The plan is to take the trivial estimate $1\ge \sum\limits_{k=m}^{m+d} P_k$ with some $d\approx \sqrt{n}$, and replace $P_k$ by $c\cdot P_m$. So, we need a suitable upper bound on $\frac{P_m}{P_k}$.

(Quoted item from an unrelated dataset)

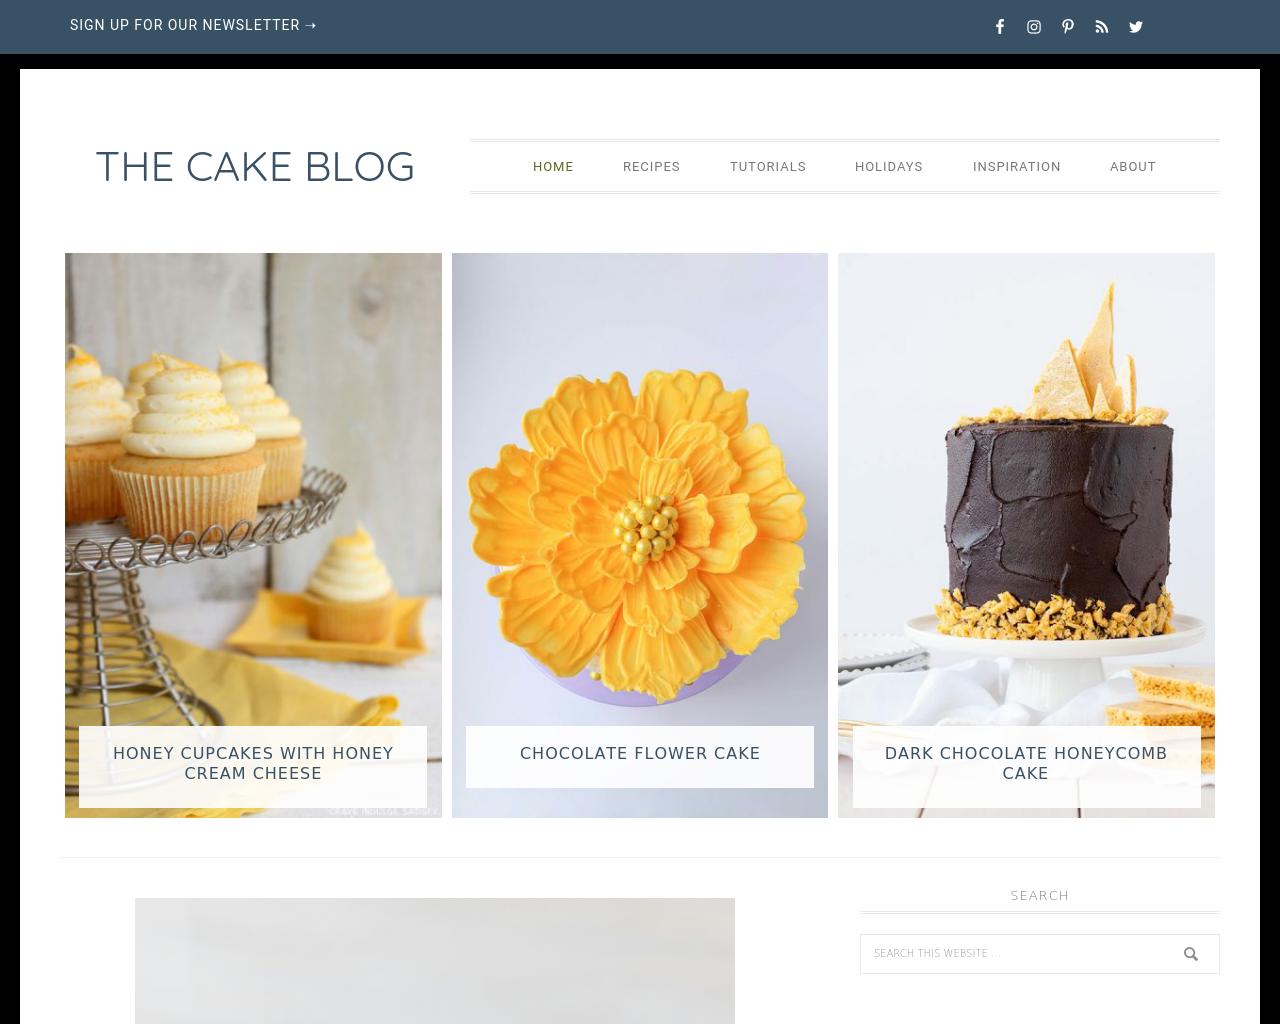 The-Cake-Blog-Advertising-Reviews-Pricing

For $1\le j\le d\le\sqrt{n}$, $$ \frac{P_m}{P_{m+j}} = \frac{\binom{n}{m}p^{m}q^{n-m}}{\binom{n}{m+j}p^{m+j}q^{n-m-j}} = \frac{(m+1)(m+2)\cdots(m+j)}{(n-m)(n-m-1)\cdots(n-m-j+1)} \cdot \frac{q^j}{p^j} = \\ = \frac{\big(1+\frac1m\big)\big(1+\frac2m\big)\cdots\big(1+\frac{j}m\big) }{\big(1-\frac1{n-m}\big)\big(1-\frac2{n-m}\big)\cdots\big(1-\frac{j-1}{n-m}\big)} \cdot \left(\frac{mq}{(n-m)p}\right)^j < \\ < e^{O\big(\frac1m+\frac2m+\cdots+\frac{j-1}{n-m}+\frac1{n-m}+\frac2{n-m}+\cdots+\frac{j-1}{n-m}\big)} \cdot e^{j\cdot O\big(\frac1m+\frac1{n-m}\big)} \le e^{O(d^2/n)} \le O(1). $$ Hence, choosing $d=\lfloor\sqrt{n}\rfloor$, we get $P_{m+j} > c(p) P_m$ and $P_m \le O\left(\frac1{\sqrt{n}}\right)$.